缶やパウチに残ったウェットフードは冷蔵庫で保管します。
ドライフードのストックは、密封容器で保管しましょう。
また、飲み水も腐らせないように注意が必要です。お皿は毎日洗って、水の交換も忘れないようにしてください。
猫の寝床を夏用にする
猫はフワフワの柔らかい布が大好きですが、湿気がたまるとダニやカビが増えやすくなります。
梅雨頃には冬用の寝床を片付けて、通気性の良い夏用のものに替えましょう。
愛猫の寝床にしているタオルやブランケットは、晴れた日に洗って天日干しすると衛生的です。洗う時は、ニオイの強い洗剤を使わないようにしましょう。
また、箱や容器に入るのが好きな猫の習性を利用した「猫鍋」ですが、暑い季節には冷たいアルミ鍋もおすすめです。
水分補給をさせる
猫はあまり水を飲みませんが、ジメジメしている季節には余計に飲まなくなることがあります。
しかし、泌尿器系に負担をかけないためには、しっかりと水分補給をして排泄することが大切です。

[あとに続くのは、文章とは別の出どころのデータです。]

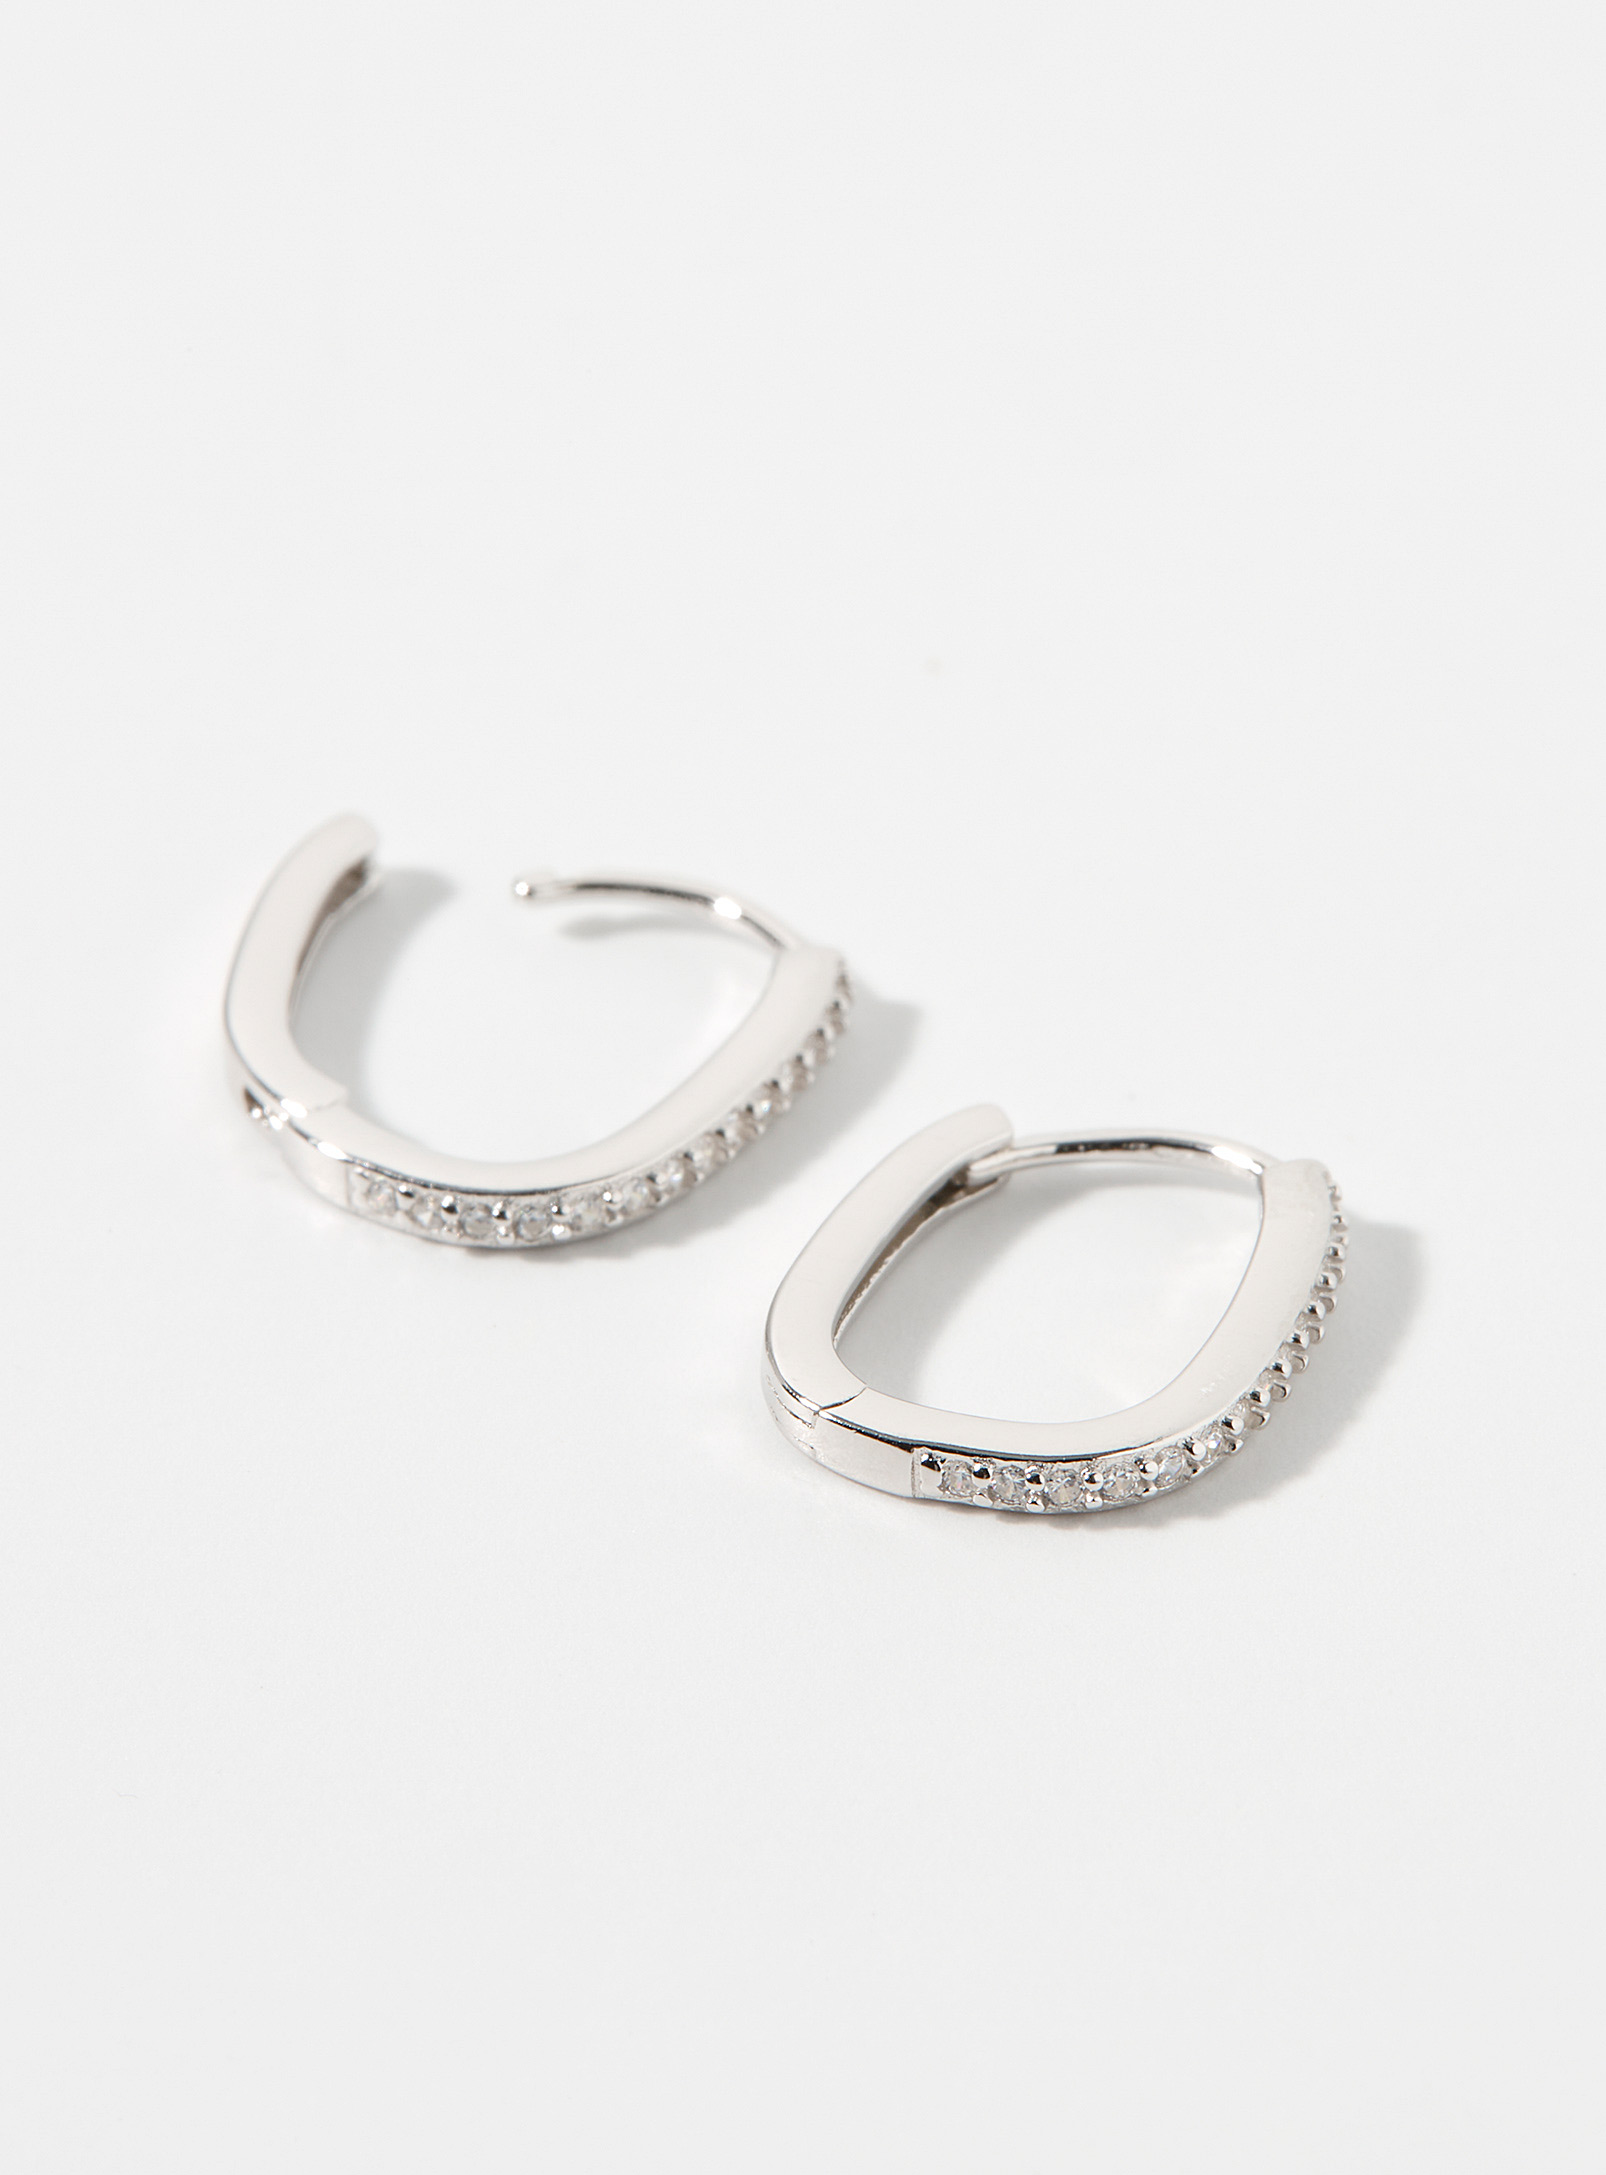 Simons - Les anneaux ovales cristaux argent

猫は、わざわざ水を飲みに行くというよりは、たまたま移動中に水場があると飲むという習性があります。
気温が高いと熱中症も心配なので、部屋の複数ヵ所に水飲み場を設置しましょう。
どうしても水を飲みたがらない時は、大好きな液体オヤツ(ちゅ〜るなど)を水に溶かして味をつけるのもおすすめです。
部屋を冷やしすぎない
猫は、暑がりの寒がりです。エアコンで部屋の温度を下げることは必要ですが、寒いと感じた時の避難場所を用意してあげましょう。
ドアを少し開けておいて自由に家の中を移動できるようにしたり、ちぐらなどの暖かい場所を用意したりするのがおすすめです。
猫の快適な温度は、1年を通して21〜28℃くらいと言われています。
夏のエアコンの設定温度を26℃くらいにすると、飼い主さんも愛猫も気持ちよく過ごせるでしょう。
【まとめ】湿気対策をして愛猫と快適に過ごそう!
梅雨から夏にかけてジメジメとした日が続くと、鬱々とした気分になりますね。
人だけでなく猫も、なんとなく元気が出なかったり食欲が落ちたりしがちです。
祖先が乾燥した地域で暮らしていたため、猫は湿気に弱い動物です。エアコンや除湿器などを活用して、部屋の湿気を取り除くようにしましょう。
また、カビや細菌も増えやすいので、トイレ掃除やフード・水の衛生管理を徹底する必要があります。湿気対策をして、長い夏を健康に乗り切りましょう。